Publicado em 2022, Babel leva-nos à Oxford de 1836 e acompanha Robin Swift, um órfão cantonês que é levado para Londres por um misterioso professor, que o treina para entrar em Babel, o prestigiado Real Instituto de Tradução da Universidade de Oxford. “No fundo, é sobre como, por vezes, aquilo que estamos a tentar desconstruir ou criticar ou derrotar é precisamente aquilo que amamos e de que queremos fazer parte, e é uma ilusão deslumbrante que gostaríamos de não ter de abandonar, mas que temos de abandonar se quisermos construir algo novo e melhor”, resume. “Desse ponto de vista, Babel termina em aberto, e tenho andado a pensar em ideias para uma possível sequela.” O que quer que seja, Kuang tenciona surpreender-nos. Foi o que fez quando passou da fantasia para a ficção literária com a A Impostora, uma sátira à indústria editorial norte-americana, pela voz de June Hayward, uma mulher branca que rouba um manuscrito a uma mulher asiática morta e o publica como se fosse seu.

“Eu gosto de muitos géneros diferentes e, na verdade, é desconcertante para mim a ideia de que há escritores capazes de escrever dentro do mesmo género uma vida inteira. Se os meus interesses mudam de semana para semana, como é que eu posso escrever o mesmo género de história para sempre?”, pergunta-nos, provocatória. “Quando comecei a escrever A Impostora, estava a ler imensa ficção contemporânea sobre a forma como nos relacionamos uns com os outros e fiquei com vontade de escrever uma história sobre como o fazemos na Internet. No fundo, é sobre solidão, desespero, inveja e insegurança”, diz. “Tento não dar muitas respostas, porque também não as tenho, também continuo a aprender, mas fico muito feliz quando me dizem que me leram e ficaram com vontade de investigar mais sobre determinado assunto. Acho que tudo o que quero é que o meu trabalho encoraje os leitores a fazer perguntas.”

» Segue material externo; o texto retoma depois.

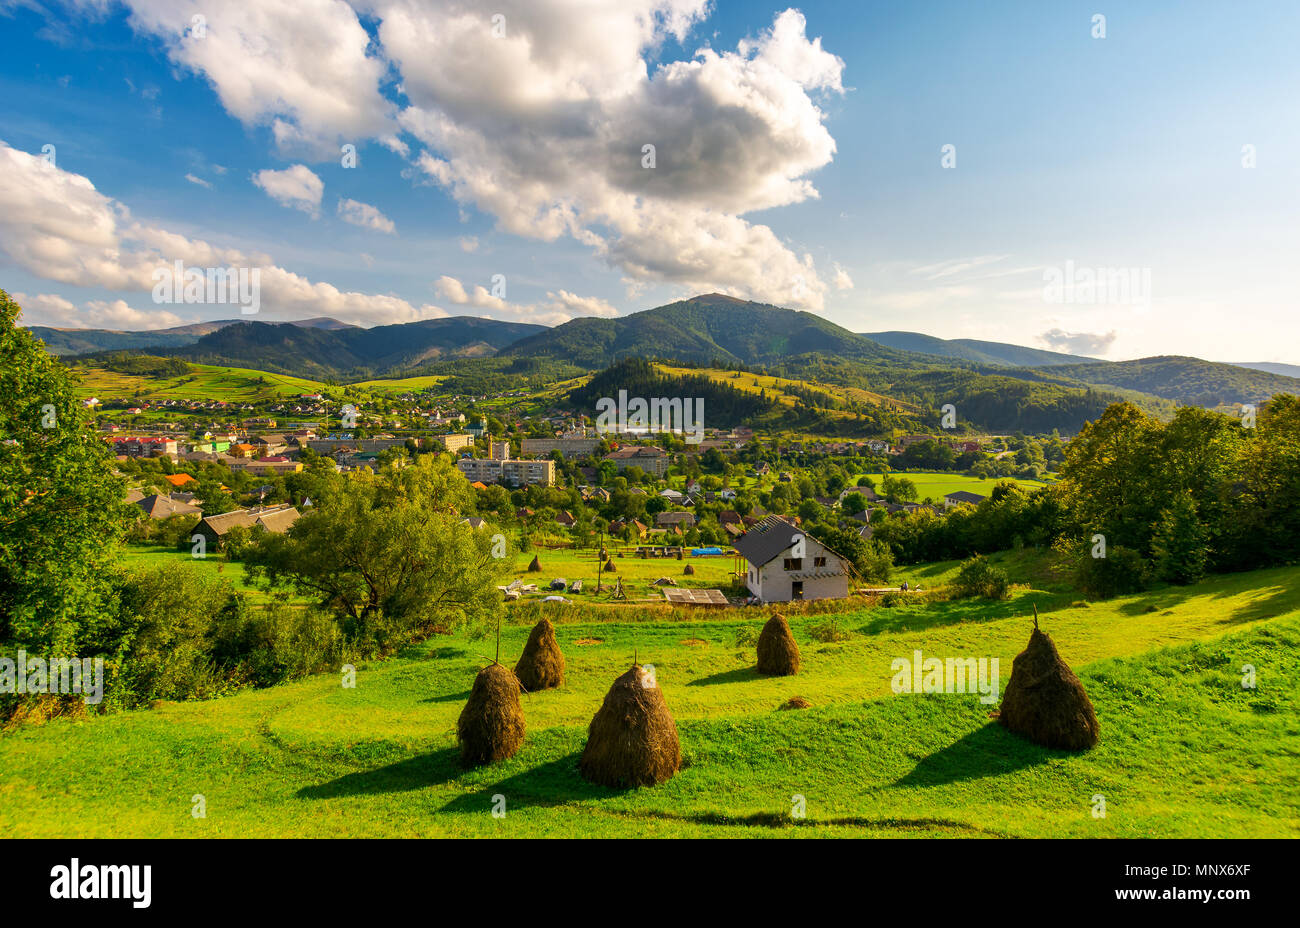 beautiful rural landscape in mountains. haystacks on the grassy hills. village at the foot of the mountain. interesting cloud formation over the ridge Stock Photo
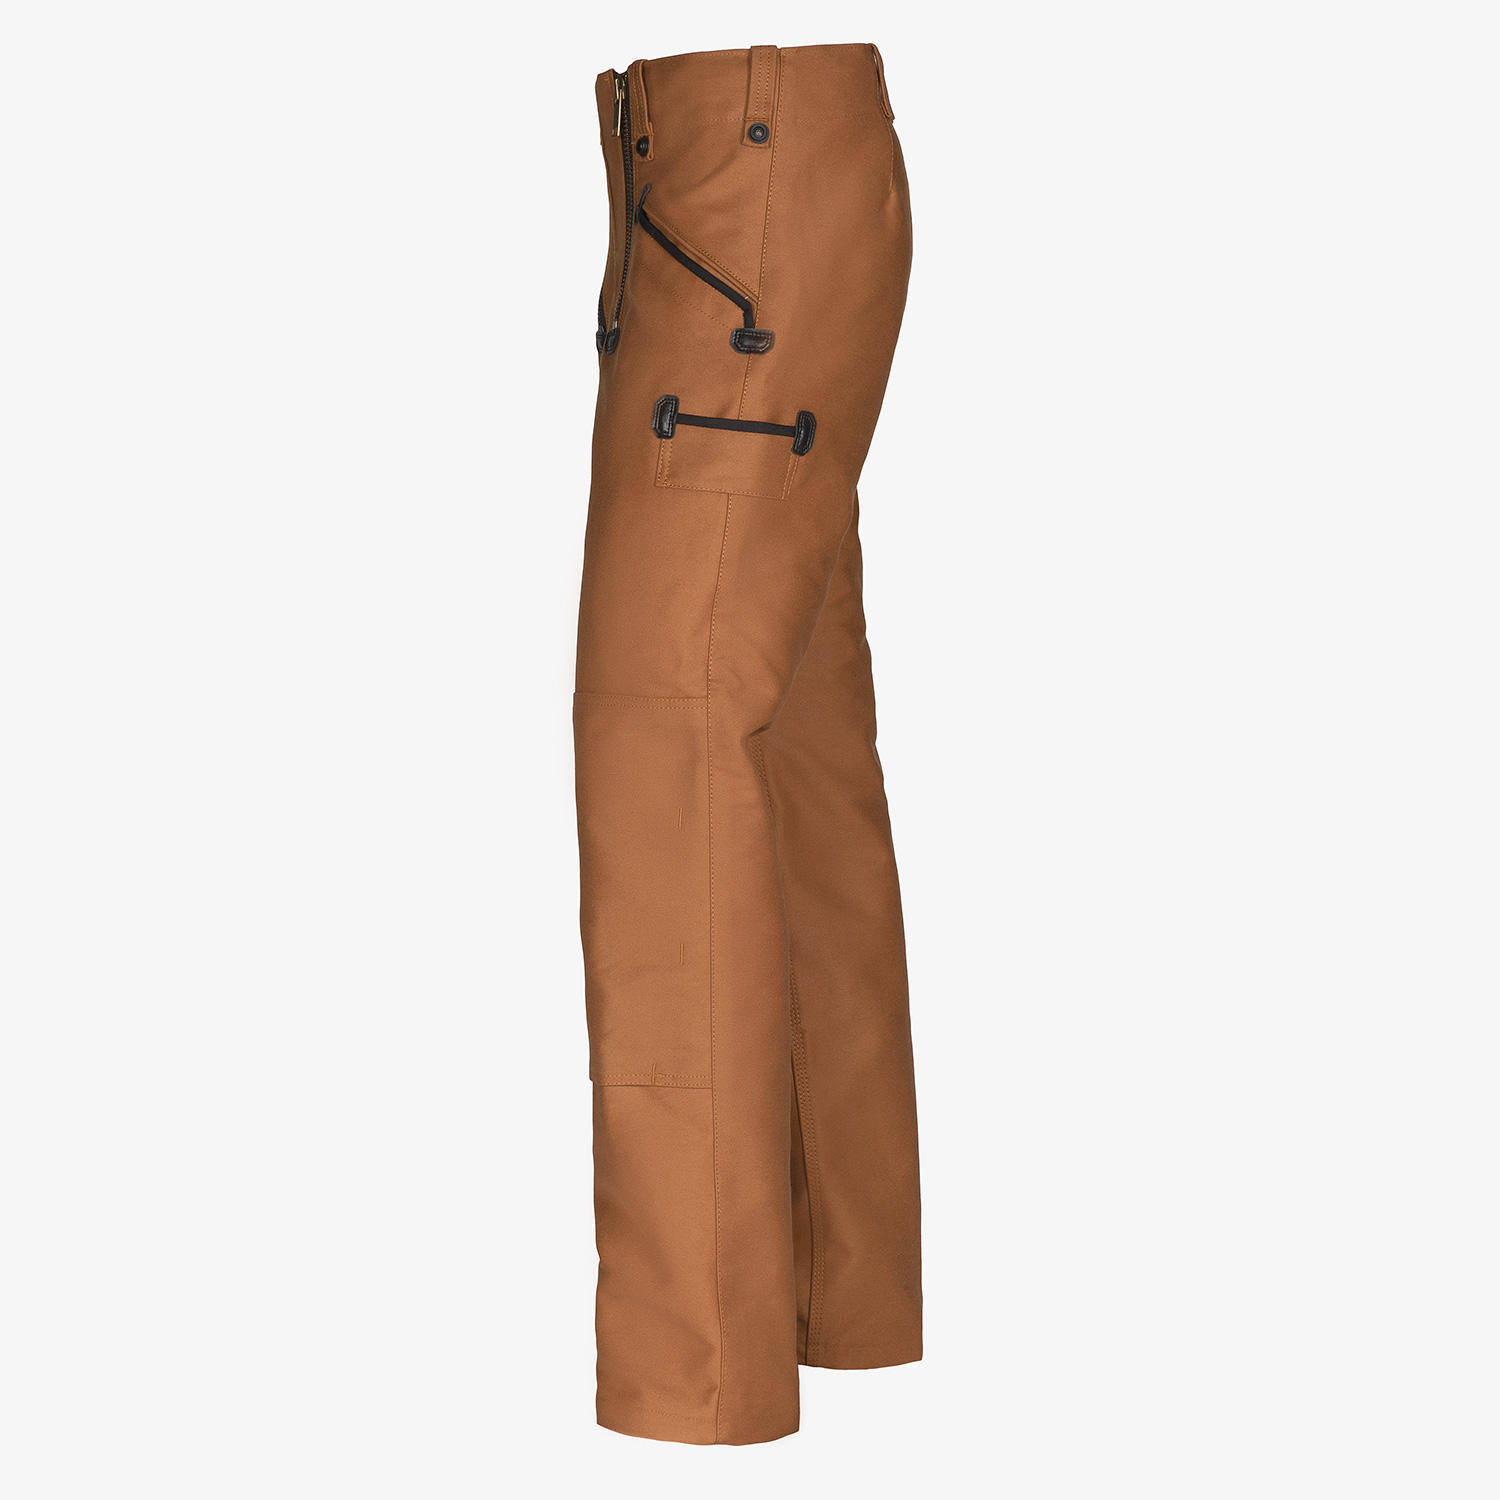 FAIBIAN guild moleskin trousers without bell bottom

O seu próximo livro, Katabasis, está previsto sair em Agosto de 2025 (ainda não há data para a edição portuguesa). Trata-se de uma fantasia sobre dois rivais académicos de Cambridge que têm de viajar até ao inferno para resgatar a alma do seu orientador. “Explora o luto, a linguagem e ideias filosóficas sobre a morte e a mortalidade. São esses os temas que estou interessada em explorar durante pelo menos os próximos dois anos. Depois disso vai depender do que eu estiver a estudar. Acho que ainda não escrevi nada digno de um prémio Booker, mas acho que esse é o prémio que continuará no horizonte para mim e algo pelo qual trabalharei.”